9:20am | What is it that the so-called Illuminati know that the rest of the world does not? Is it simply Socratic knowledge, that one knows no-thing? Since, if the nameless-reality that Hesiod calls “Chaos” is Parmenides’ “not-is,” then to know the “not-is” is what it is to know “nothing.” And this must be what Socratic knowledge amounts to: all that we call “knowledge” is based on appearances (called “representations”) filtered by the Mind. This is what he means when he says, “I know that I know nothing.”

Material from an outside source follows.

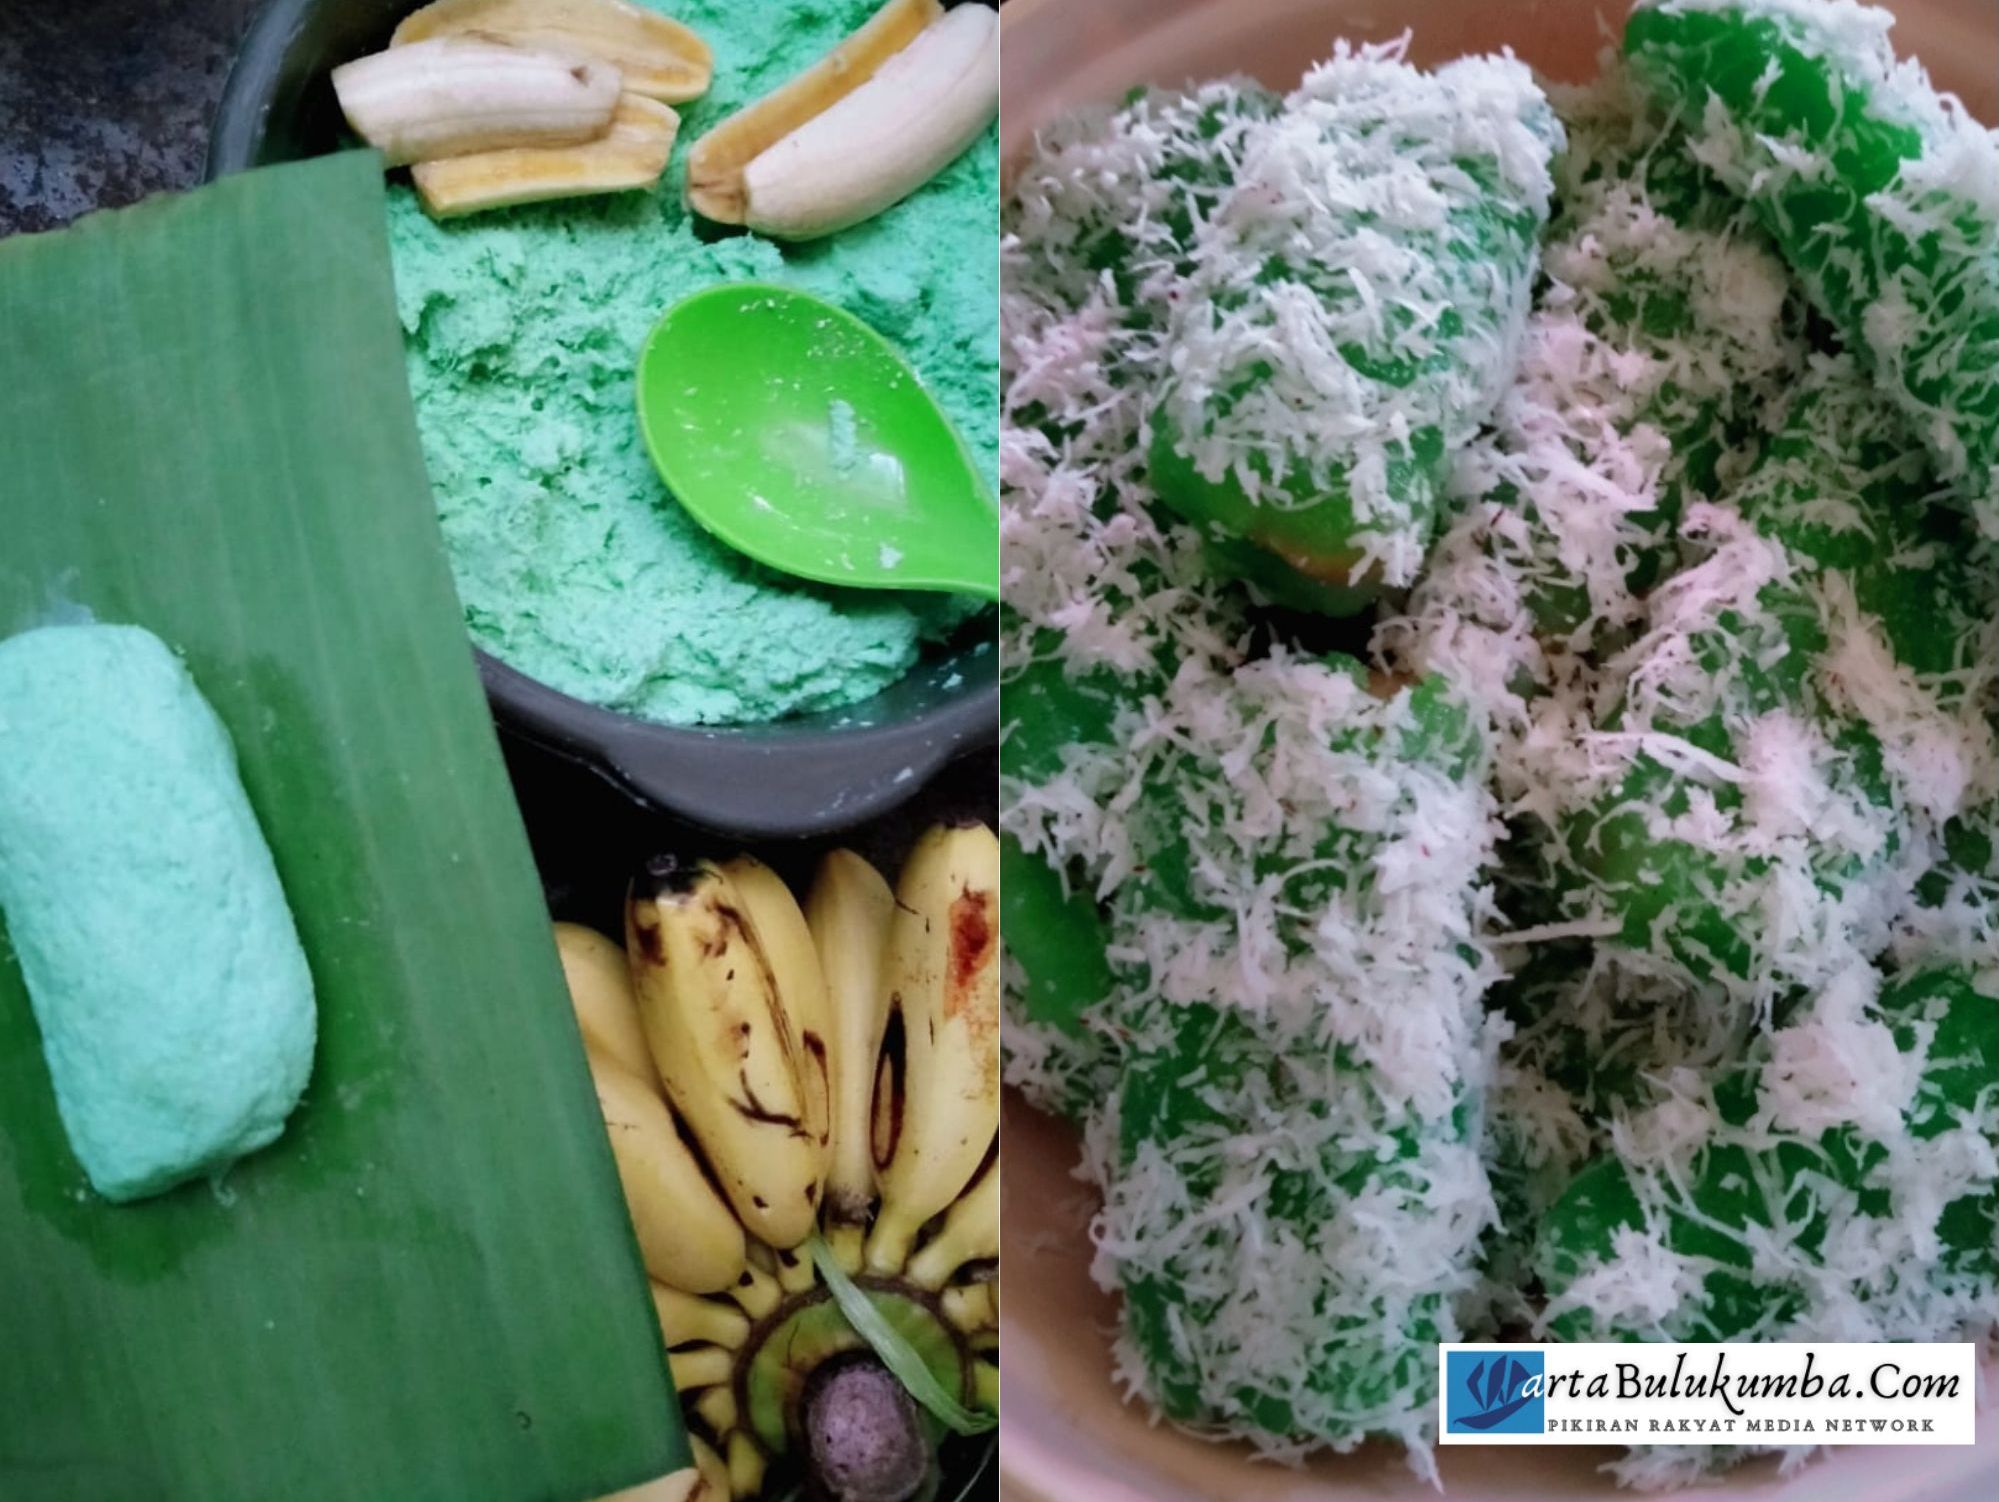 Kue kalimbu khas Bugis Makassar yang mudah ditemukan di Desa Salassae, Kecamatan Bulukumpa, Kabupaten Bulukumba, Sulsel.
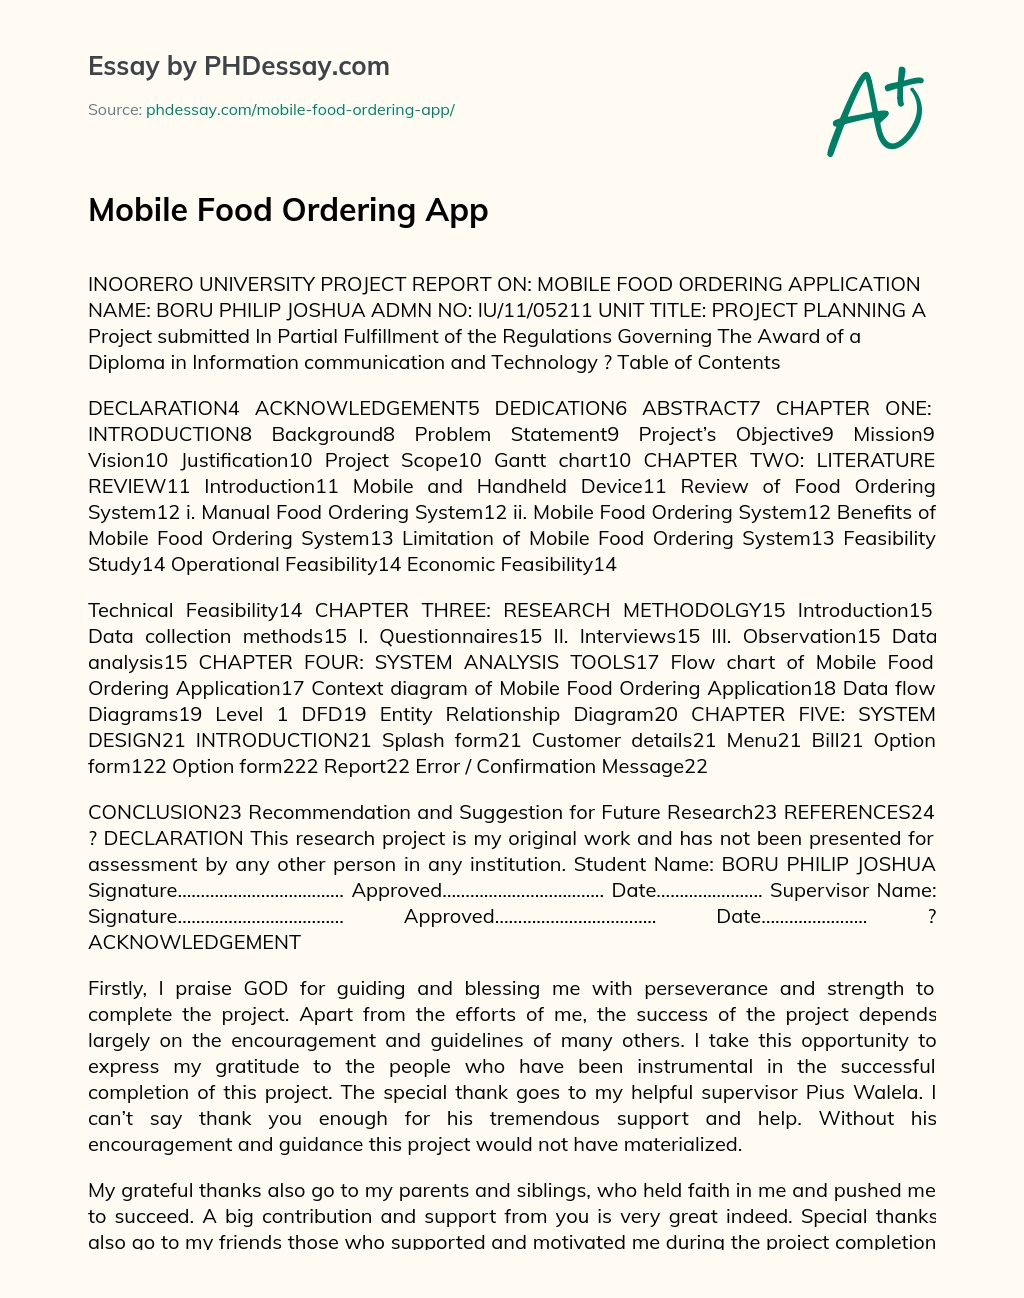 Mobile Food Ordering App essay

And how do you learn this? How do you learn what “no-thing” is? And furthermore, if you know “no-thing” to be true, then how do you know that you do indeed know “no-thing”? Sensitivity. Sensitivity teaches you this — that you know “no-thing”; which, presumably, results in being intellectually humble. Hence, the barrage of questions that seem to his interlocutors to be intrusive and even sometimes accusing; ironically, his questions come from his “intellectual humility.” After all, paradoxes are both difficult to explain and to understand. A serious student would do well to ask lots of questions if they wish to understand something quite difficult…
And so, it is this fact that Socrates knows that he knows no-thing that proves that Socrates’ questions are necessarily sincere. That is, they are not rhetorical questions. They’re very genuinely questions.